Since she was a part of me, mine, mu, that assumption of sticky fingers, I had to bring her in. We had gone to school together, PS 12 on 63rd across from Central Park. As kids, we flew paper planes there during recess. Our teacher was too busy collecting varieties of leaf and butterfly. In the shade of elm, she moved like a cat, had that sad glint in her eyes of a girl not afraid to be anything. “You're going to be a bird someday,” I said, watching the paper plane float above us. “But with no wings,” she added, dancing in circles like some mad Nijinsky. She stole my virginity without ever touching me. By the time I graduated the Police Academy, no victim could move me.
Years later she became the infamous Cat Girl, connoisseur of what diamond-shaped love belonged to others: Marquise, Emerald, Radiant, Pear, Asscher, 24 Carat and beyond. She ripped off the Tiffany Porcelain ladies who resembled their manicured poodles. In her apartment paid for by another ill-fated lover, I imagined her dancing to Stravinsky's Capriccio for piano, or collapsing to the floor practicing her graceful cat death. Across town, in a precinct of weak walls, I was promoted to junior detective.

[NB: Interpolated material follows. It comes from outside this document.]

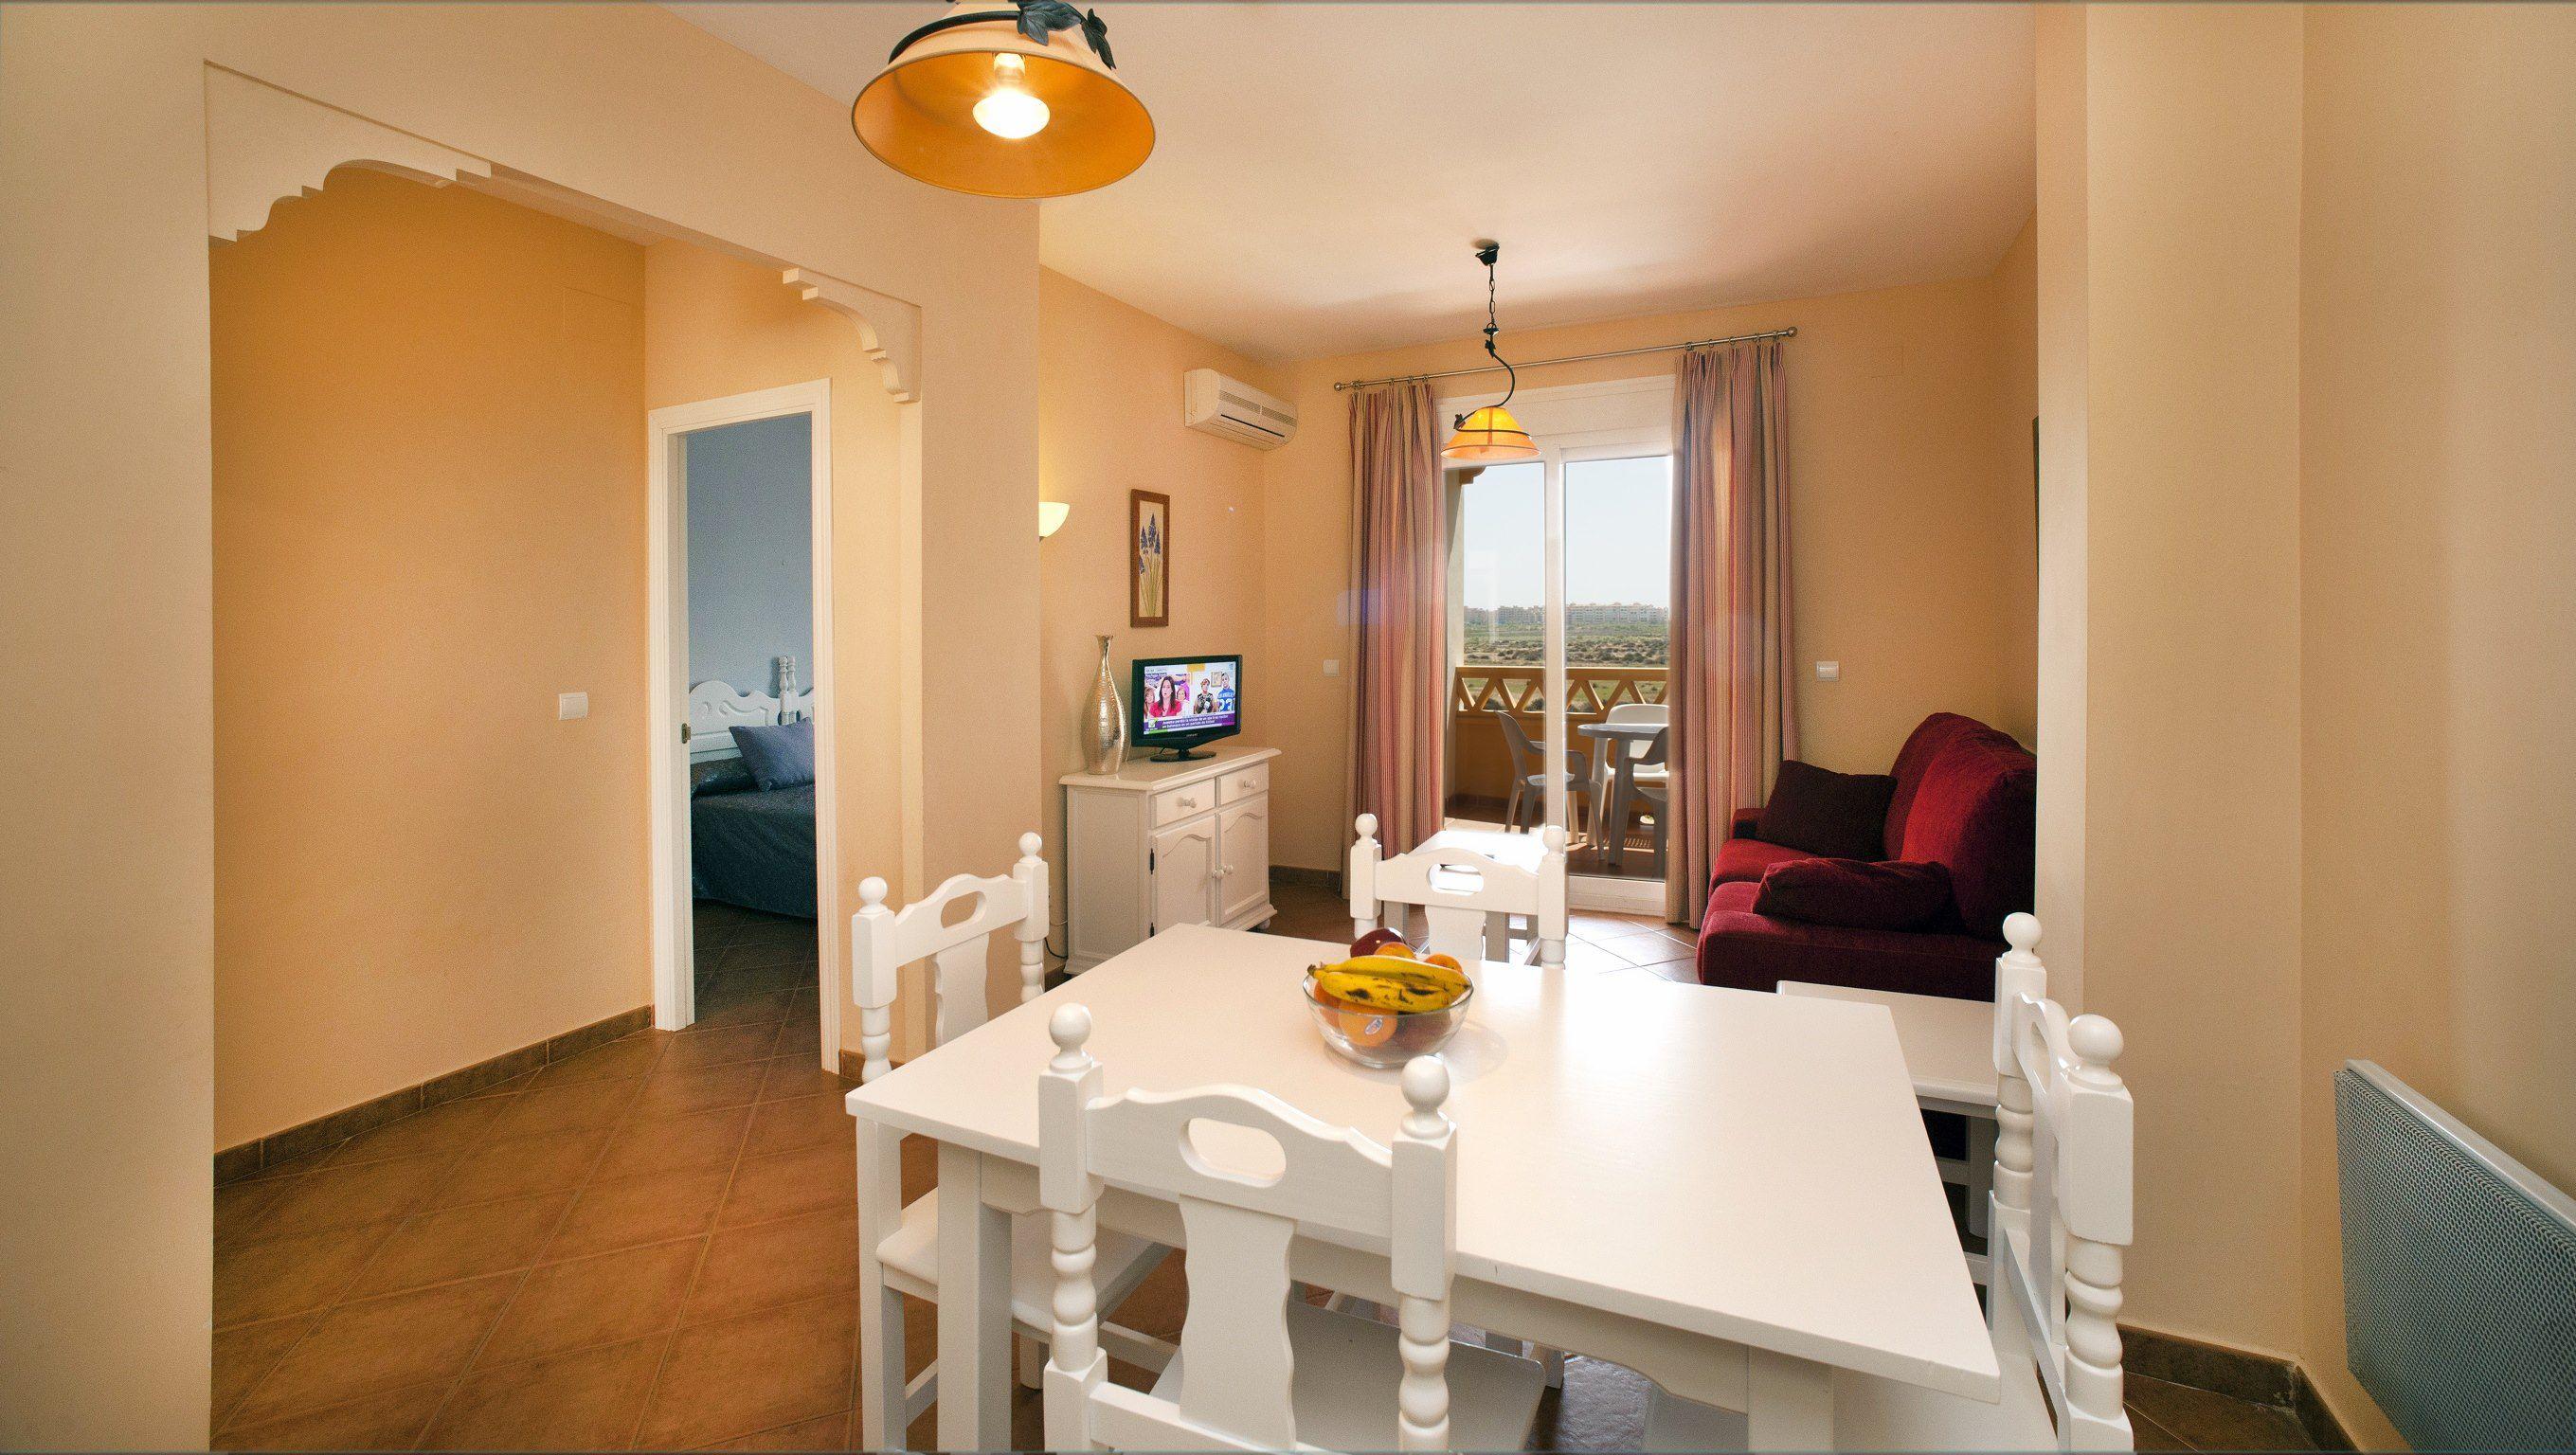 Apartamento 1 dormitorio  del hotel Leo Canela. Foto 2

I chased her through open windows, across floors with glass walls, up and down Soho's side streets, a no go in Noho. In Chinatown, she vanished through crowds of serious-looking women, shoulder to shoulder. In skyscrapers, she disappeared through elevator cars perfectly timed and my timing was always too hard-boiled egg logical. At night, I fingered my torn pillow and imagined holding the fur of some jaguarondi jumping building to smoking building, and in my dreams a witch changed me into a white cat. In others, I drank Cat Girl's blood, the only thing that could cure my St. Anthony's fire.
She had become the rage of fashion society, of young girls tired of A.M. radio's divas. It became chic to dress in black leather, gold hoop earrings, a vampish hand of black eyeliner, to pose with one hand on hip, the other against a graffiti-raped wall, that incredibly over-dramatic smirk that said Am I fuckable or what?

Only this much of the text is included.